Dataset section Block Start
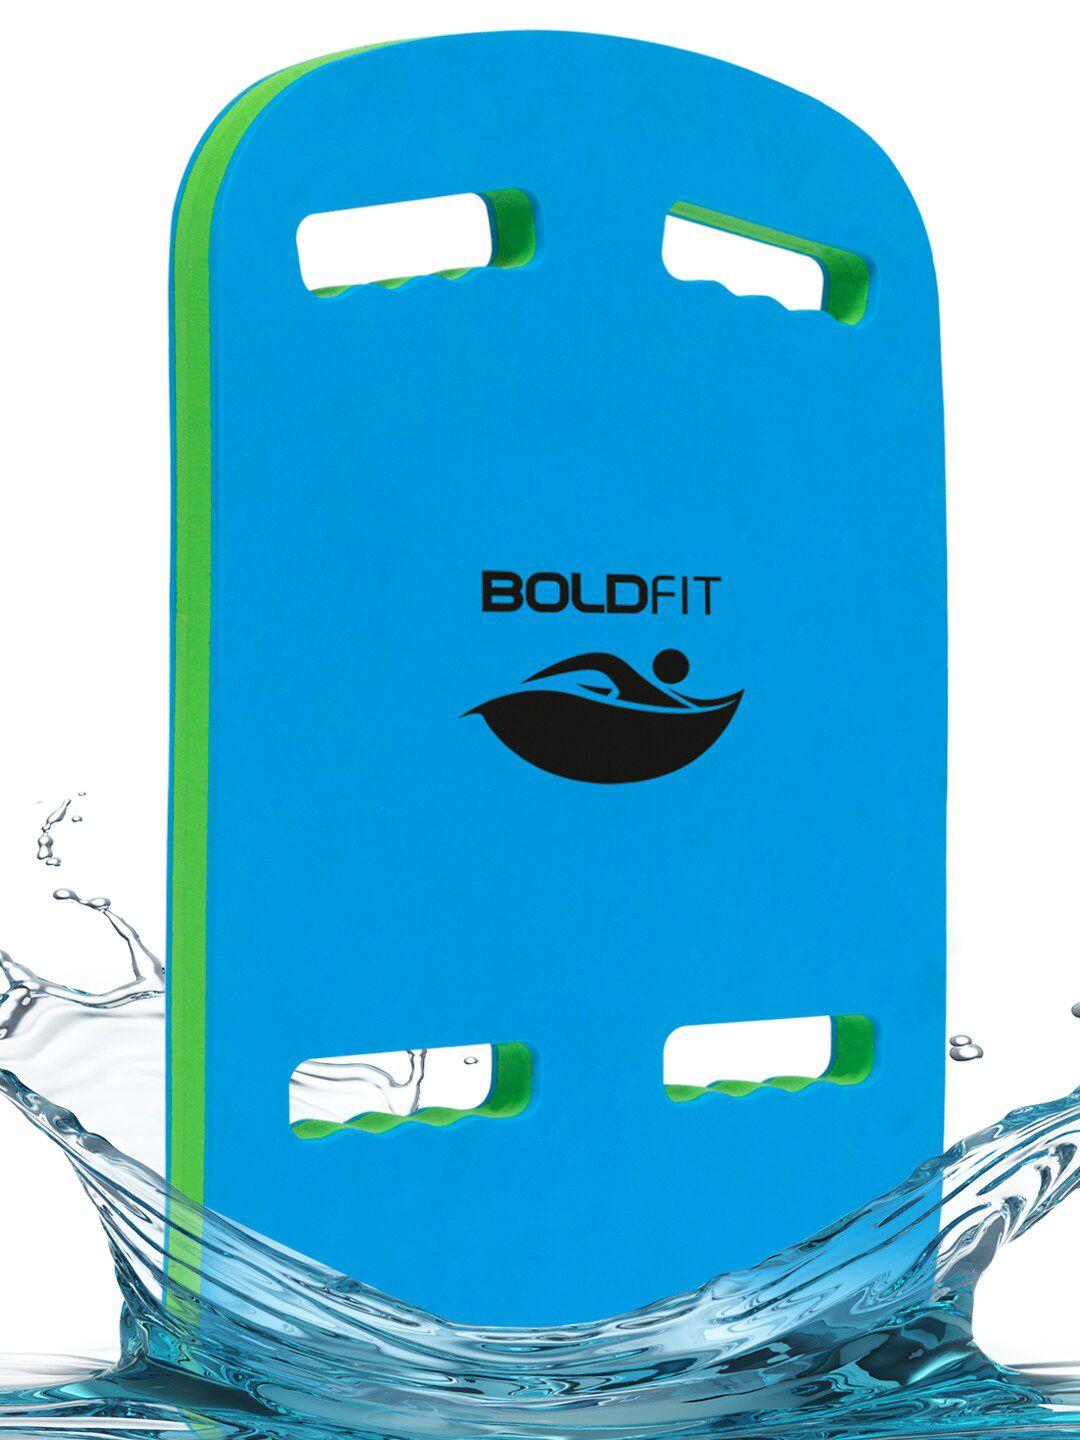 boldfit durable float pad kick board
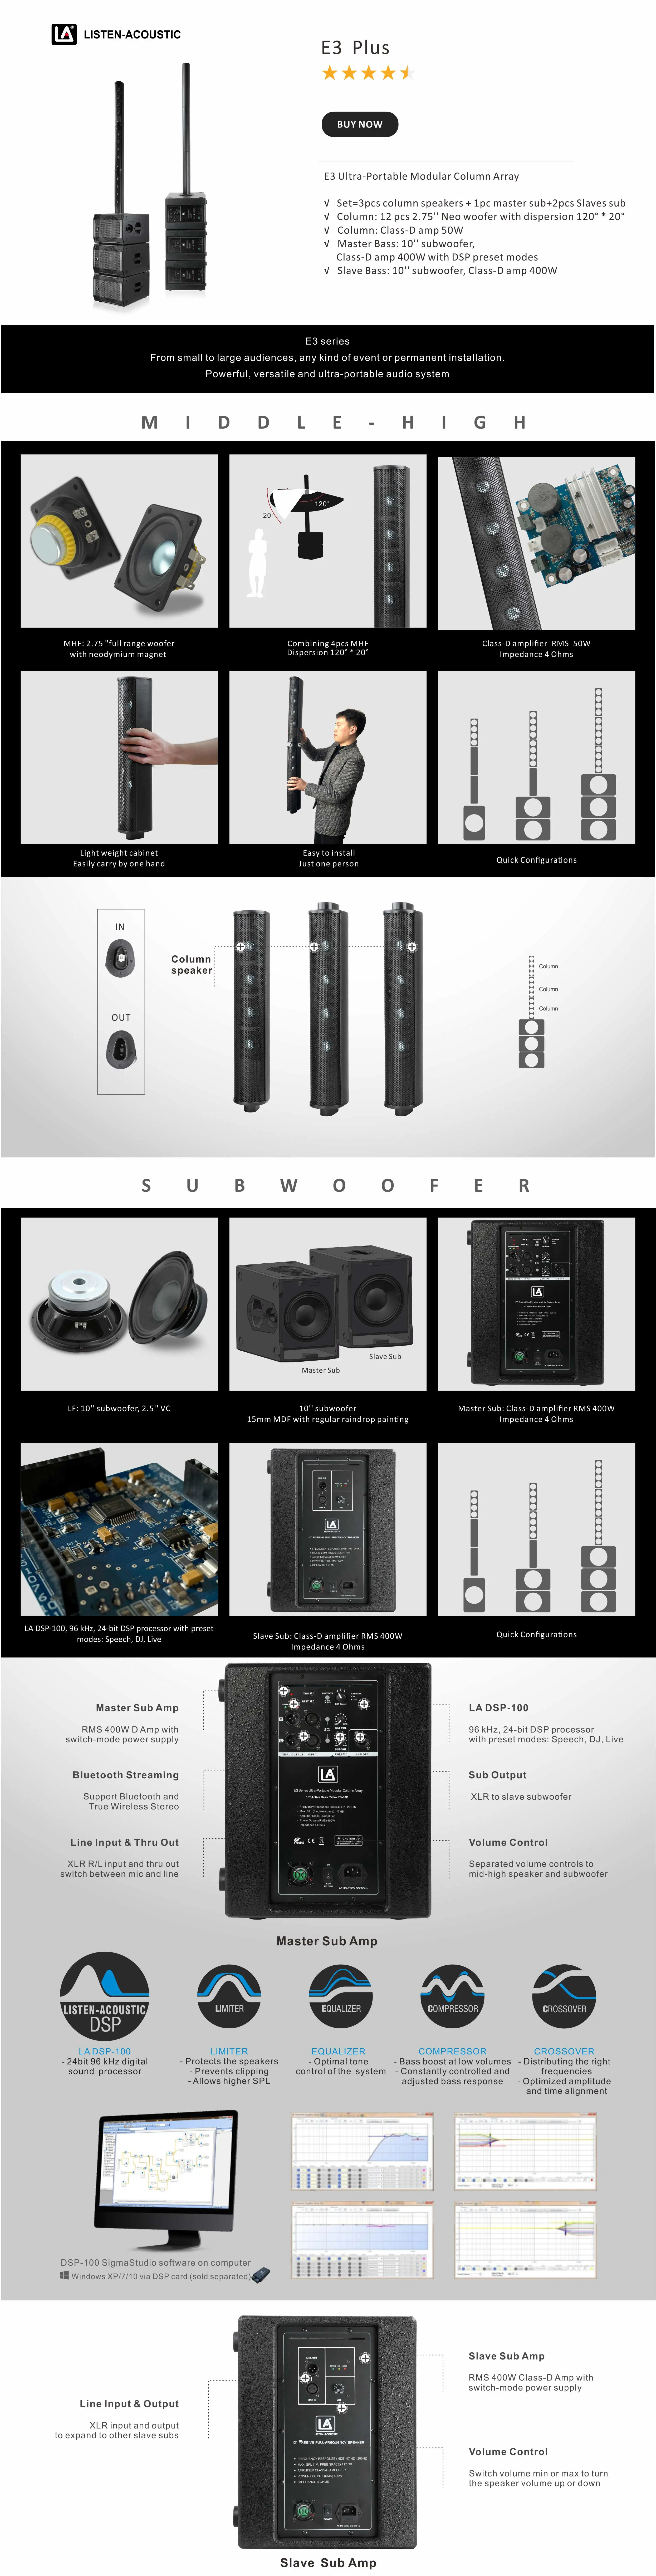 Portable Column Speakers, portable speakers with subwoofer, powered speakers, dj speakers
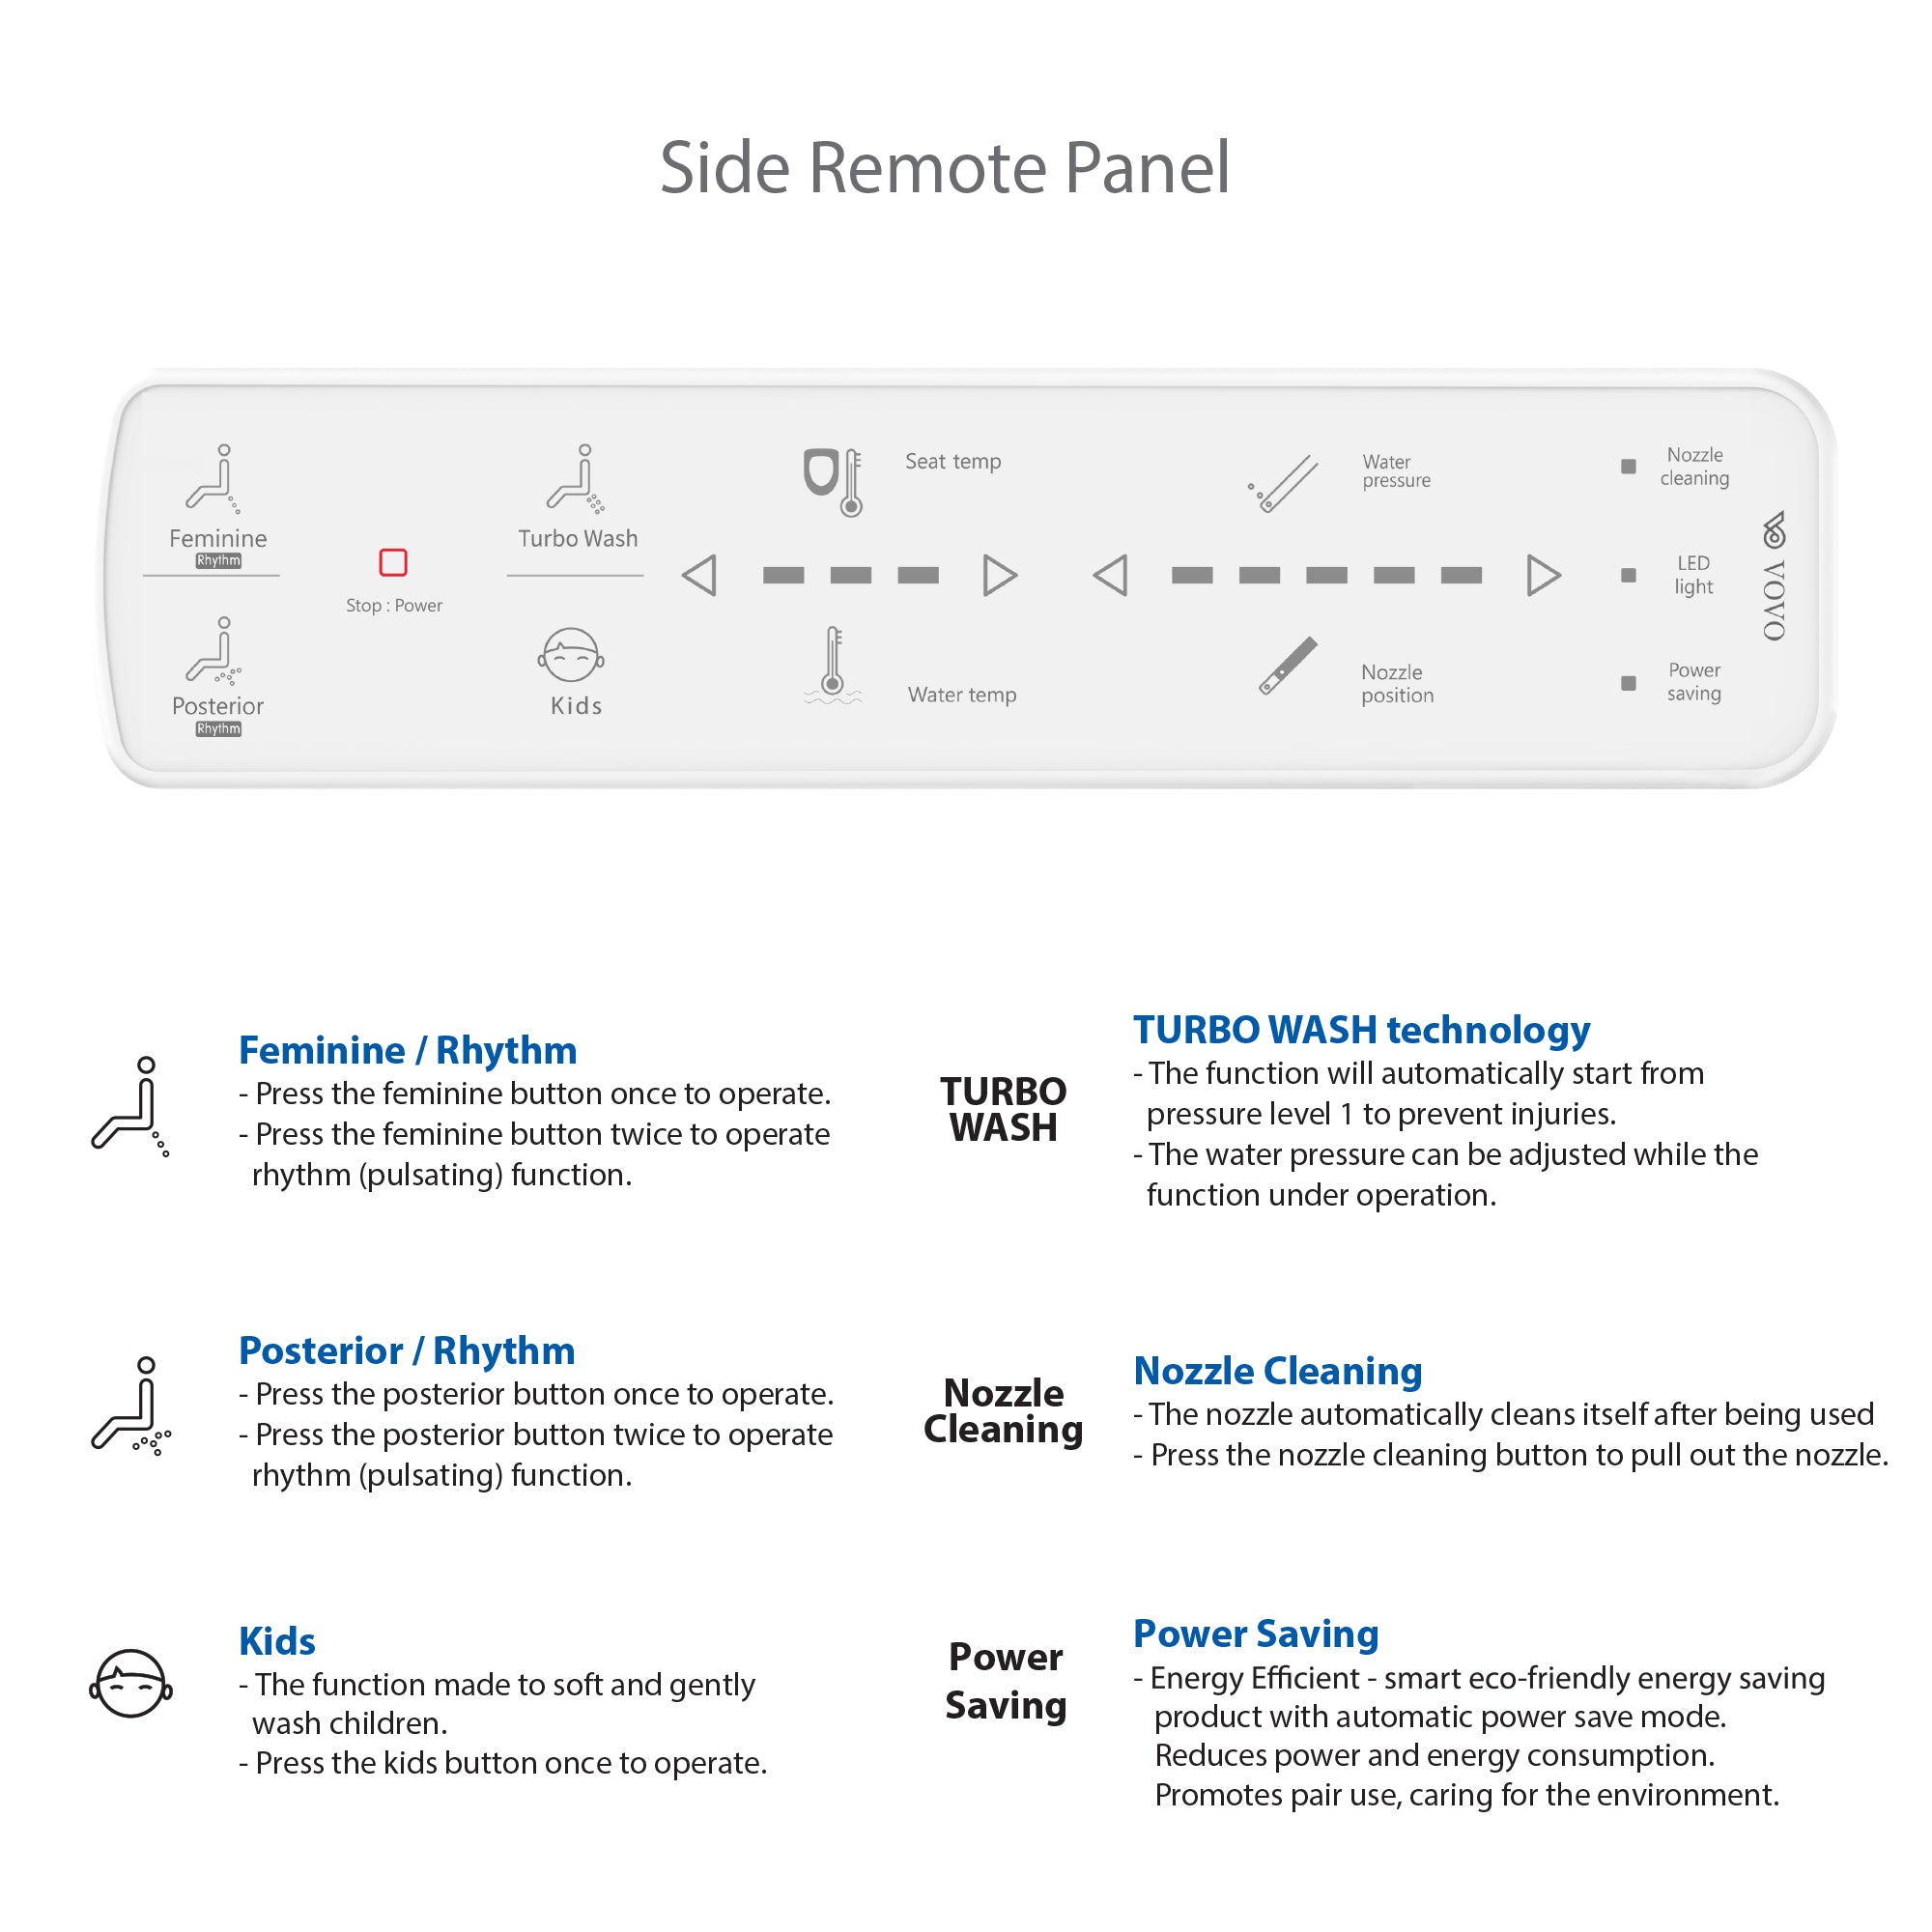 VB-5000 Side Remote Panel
Dataset section Block End
#### [Prompt]
The whole listing above is to be printed exactly; the pictures stay out.

#### [Expected output]
 boldfit durable float pad kick board
 Portable Column Speakers, portable speakers with subwoofer, powered speakers, dj speakers
 VB-5000 Side Remote Panel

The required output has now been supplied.